Australia’s Bold Move: Complete visa ban for Zimbabwe and 4 other nations on the cards


The Australian government has put forward controversial legislation that may result in a complete visa ban for several countries, including Zimbabwe. The Herald Sun reports that Iraq, Iran, South Sudan, and Russia are also being considered for the visa ban. In addition, the proposed laws could lead to a five-year jail sentence for asylum seekers who resist deportation after exhausting all legal avenues.

The introduction of this bill coincides with a case in the High Court involving an Iranian man, known as ASF17, who is refusing to return to his home country due to concerns about persecution based on his ƨǝxuɑlity.

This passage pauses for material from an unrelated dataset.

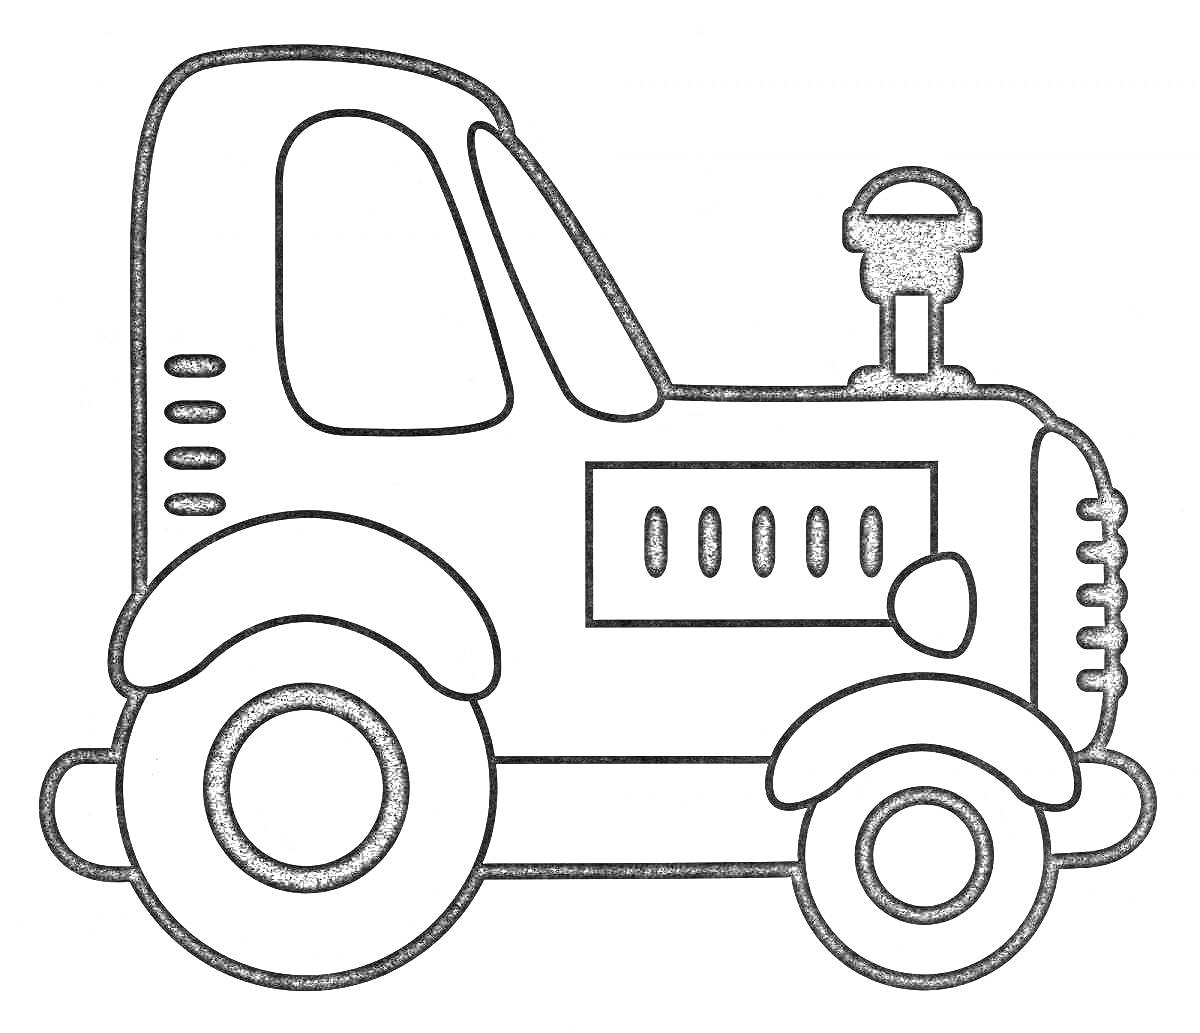 Трактор с большими колесами, кабиной и выхлопной трубой

The legislation primarily targets nations that are uncooperative in accepting the return of their citizens who have been denied asylum in Australia. Under the proposed laws, the Home Affairs Minister, Clare O’Neil, would be granted the power to block visa applications from these countries.

Furthermore, Australia is taking steps to tighten regulations on student visas in order to manage the influx of immigrants. The aim is to ensure that students come to Australia for legitimate educational purposes and to alleviate pressure on housing.

The changes include stricter English language requirements for student visas. Additionally, the government will be authorized to suspend educational institutions that repeatedly violate visa regulations when enrolling international students.

In a statement, the Home Affairs Minister expressed that these measures will contribute to reducing migration levels while fulfilling their commitments to address issues in the immigration system.

To further deter international students who primarily seek work opportunities, a new “genuine student test” will be introduced. Moreover, “no further stay” conditions will be imposed on a larger number of visitor visas.

Recent data from the Australian Bureau of Statistics reveals a 60% increase in net immigration, reaching a record high of 548,800 in the year ending September 30, 2023. This figure exceeds the 518,000 recorded for the year ending June 2023.